The question regards $p$-adic norm.
Notation:
If $|r|_{p}$ is the $p$-adic norm of $r$ then $\mu_{p}(r)$ is defined in the expression:
$|r|_{p} = p^{- \mu_{p}(r)}$.
Question:
Define: $A_{1}(m) = (2m+1) \prod_{k=1}^m (4k-1) - \prod_{k=1}^{m}(4k+1)$
Prove that, for any prime $p \ne 2$,
$\mu_{p}(A_{1}(m)) \geq \mu_{p}(m!)$.
Attempt:
From Legendre's Formula we have $\frac{m-1}{p-1} \geq \mu_{p}(m!)$.
From the strong triangle inequality: $|A_{1}(m)|_{p} \leq max(|(2m+1)\prod_{k=1}^{m}(4k-1)|_{p} , |\prod_{k=1}^{m}(4k+1)|_{p}) $
So $\mu_{p}(A_{1}(m)) \geq max(\mu_{p}((2m+1)\prod_{k=1}^{m}(4k-1)) , \mu_{p}(\prod_{k=1}^{m}(4k+1)))$
Now I attempt to find a lower bound of $\mu_{p}(A_{1}(m))$ by looking for a lower bound in the number of time $p$ can divide each product.

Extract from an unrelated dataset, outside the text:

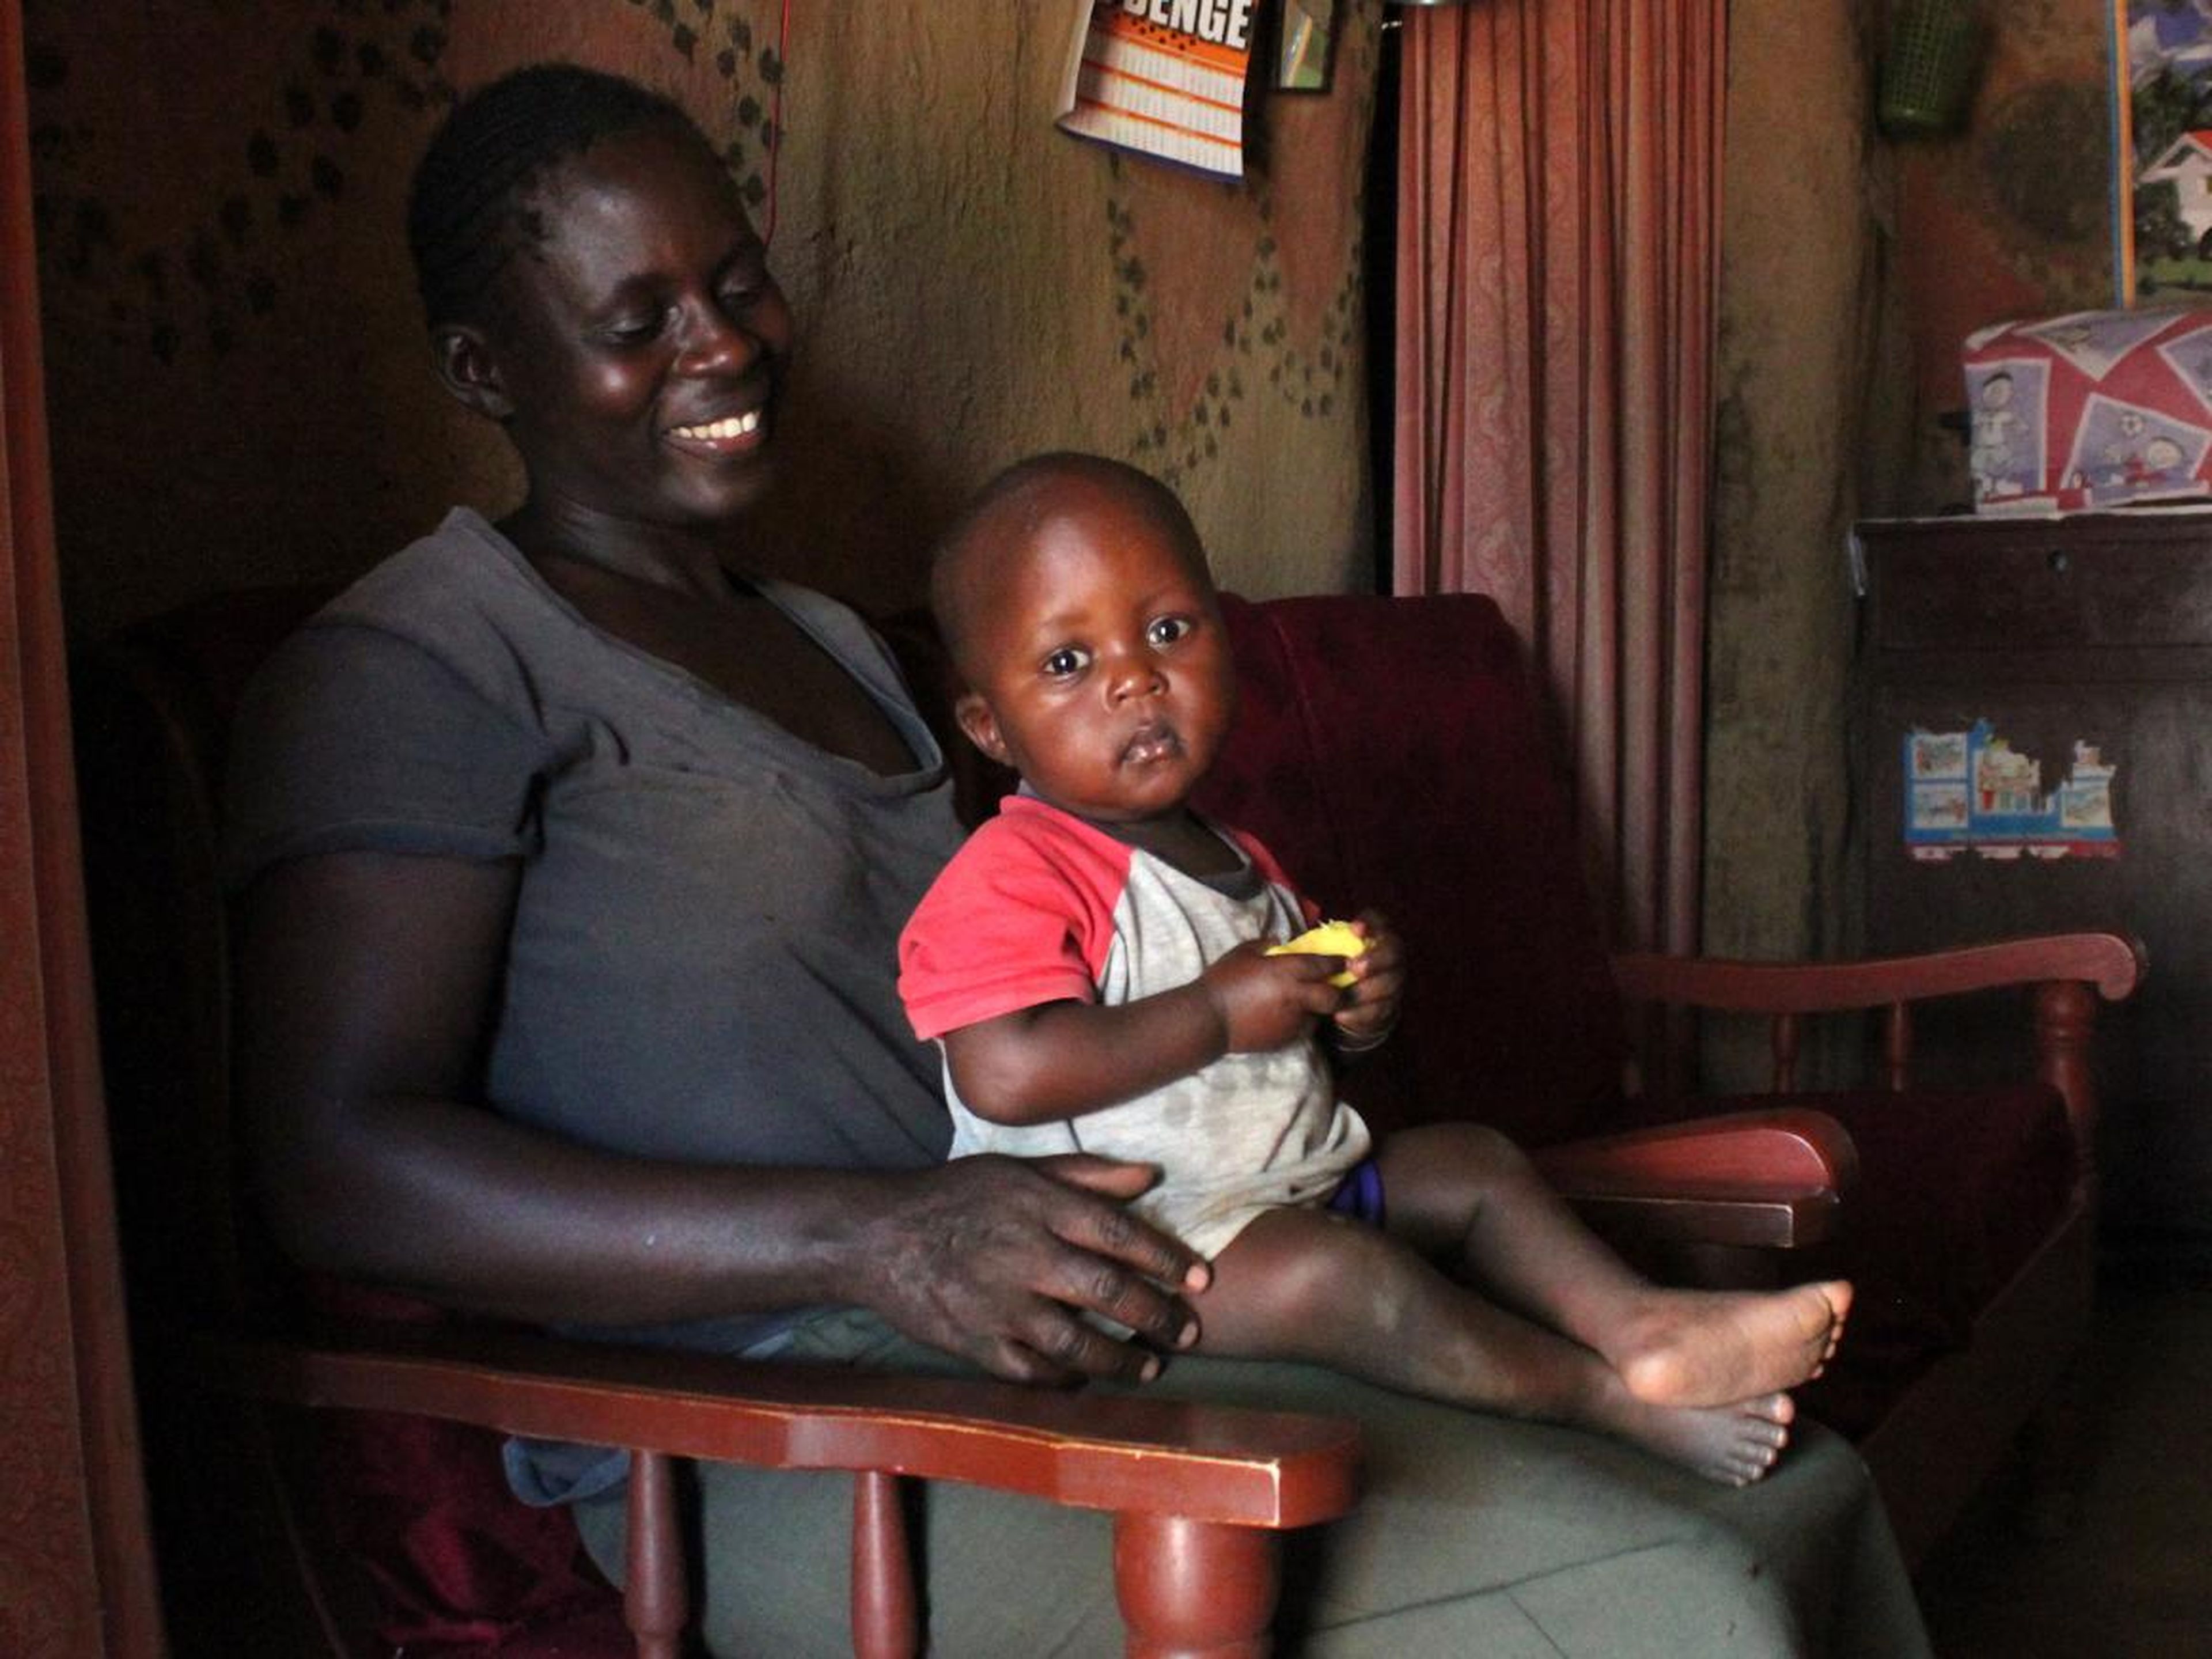 Monica Atieno Aswan is a basic-income recipient in Kenya, getting $22 a month to help support her family.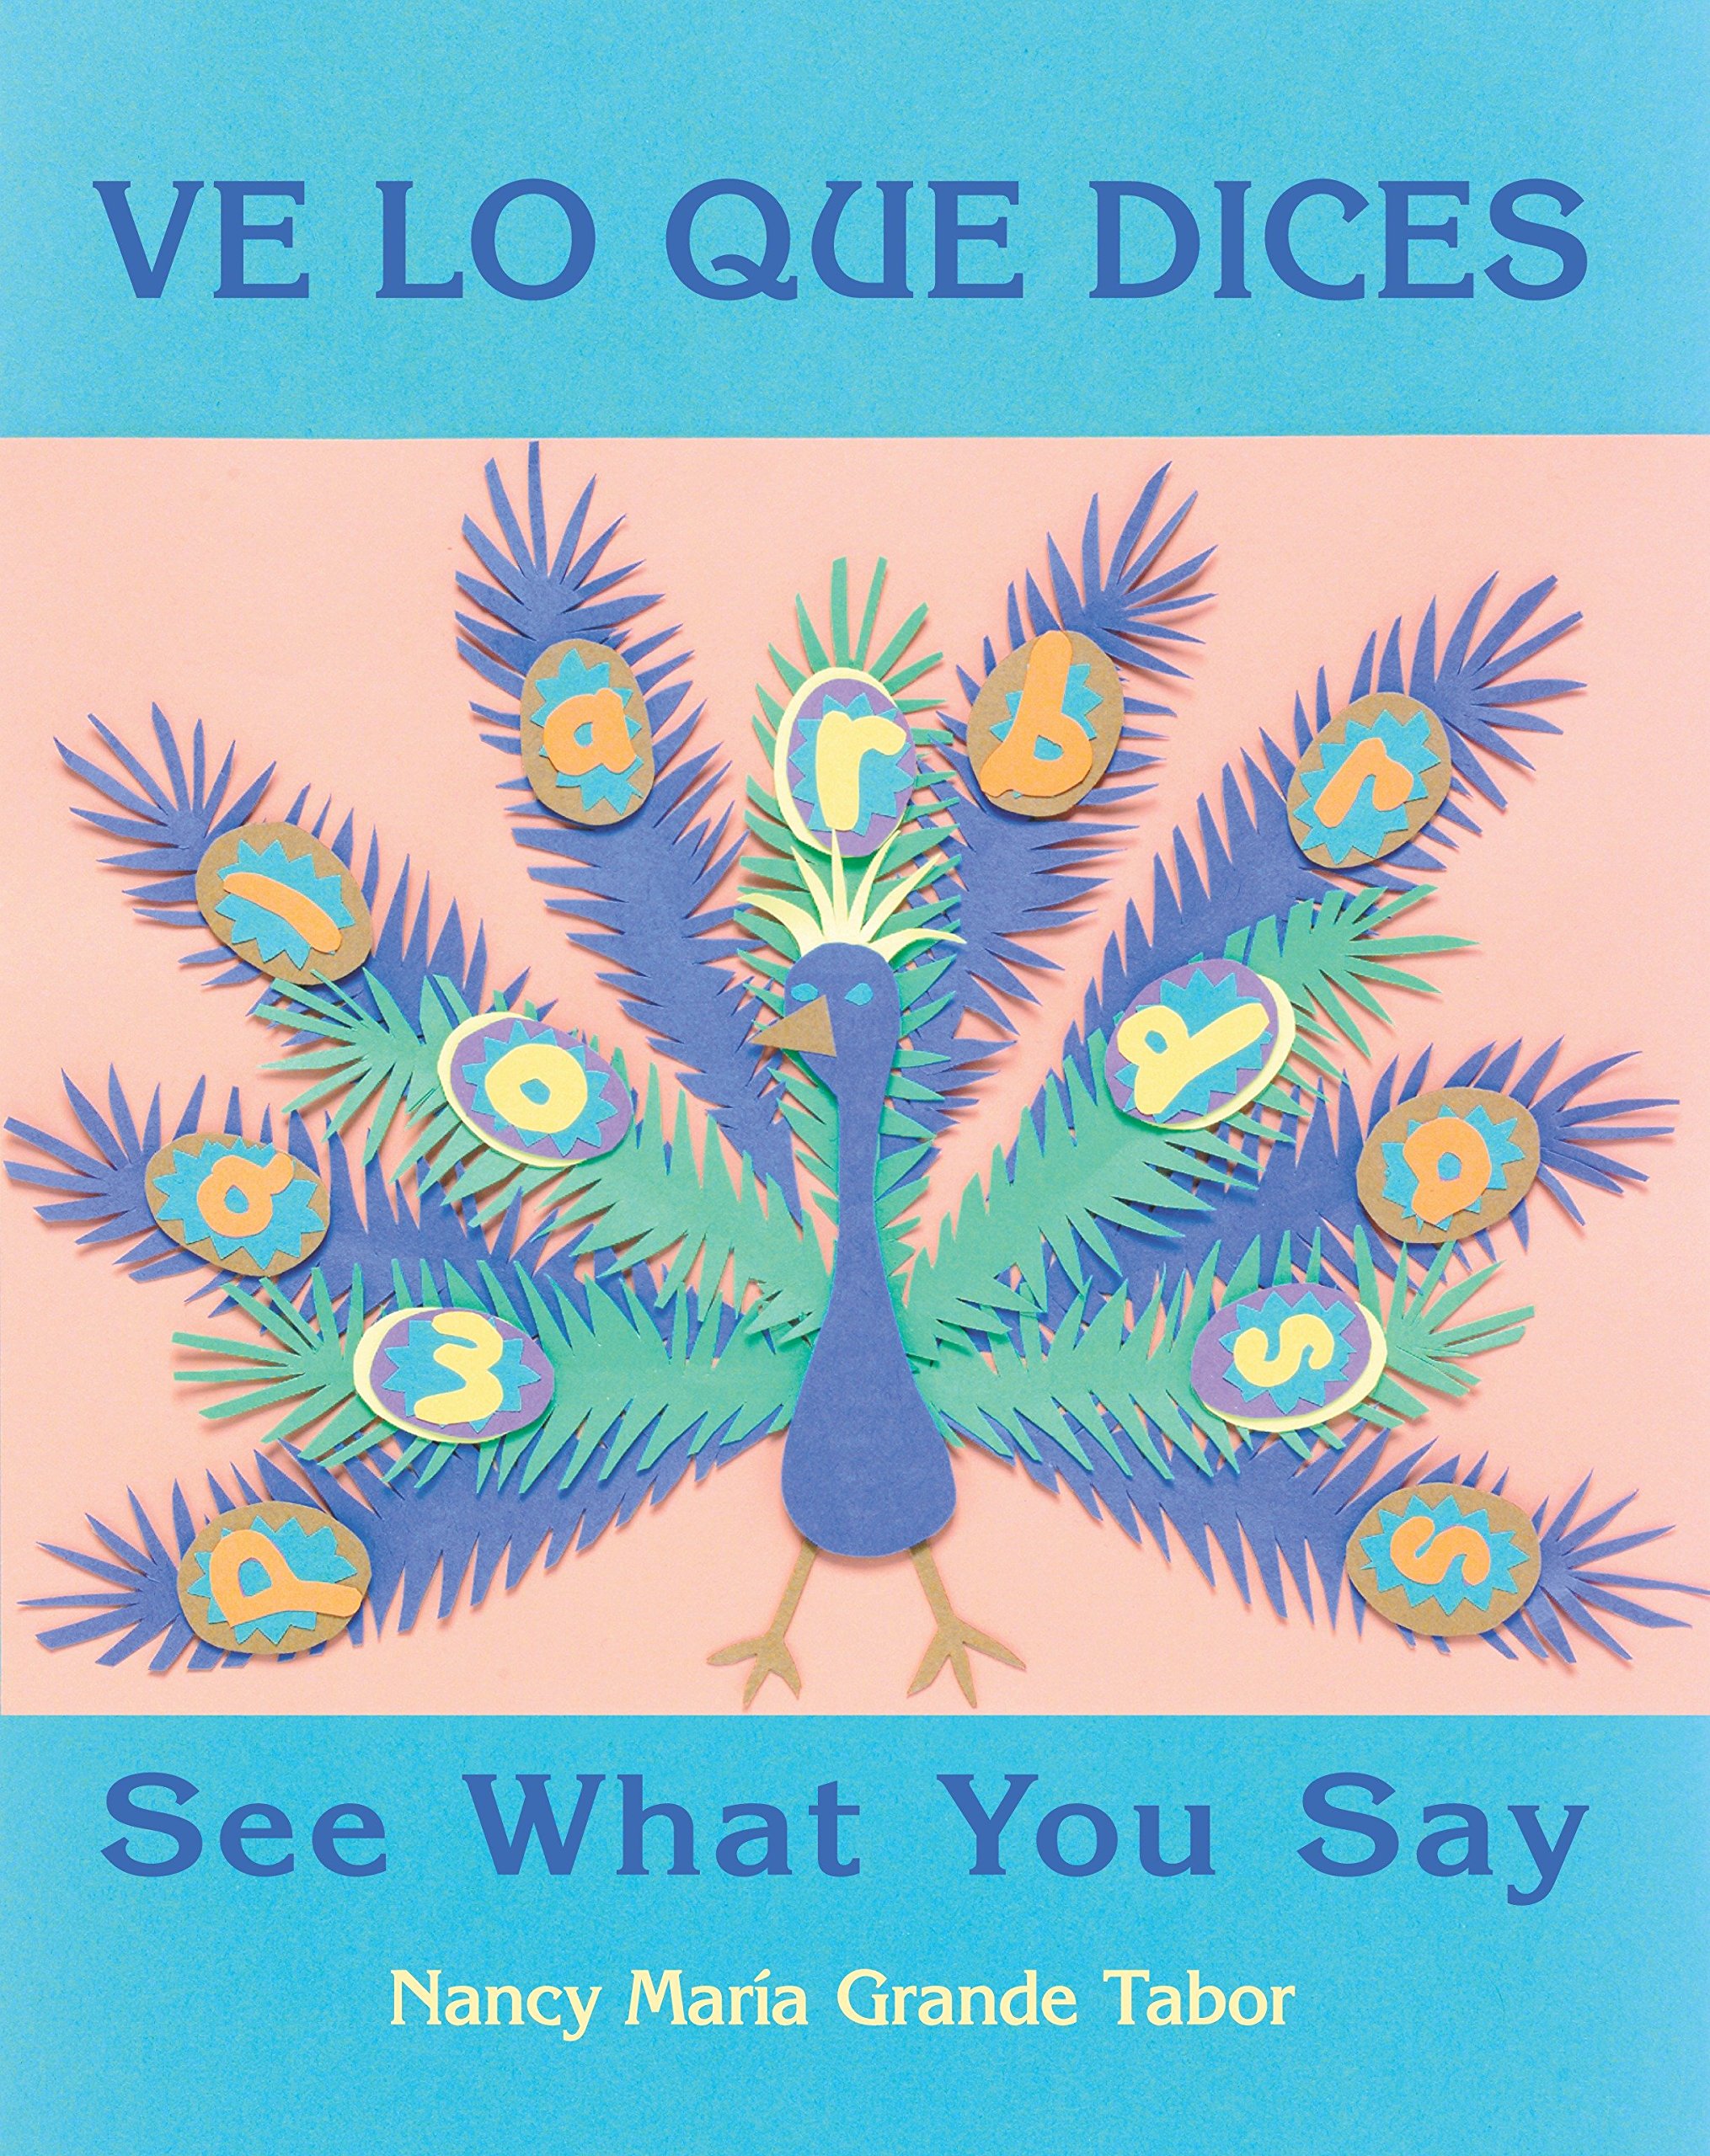 See What You Say / Ve lo que dices

The number of numbers less than $4m+1$ that are divisible by $p$ at least once is $\lfloor\frac{4m+1}{p} \rfloor$. Of these numbers only $\lceil \frac{1}{2} \lfloor\frac{4m+1}{p} \rfloor \rceil$ are odd.
So we can say that $max(\mu_{p}((2m+1)\prod_{k=1}^{m}(4k-1)) , \mu_{p}(\prod_{k=1}^{m}(4k+1))) \geq\lceil \frac{1}{4} \lfloor\frac{4m+1}{p} \rfloor \rceil$.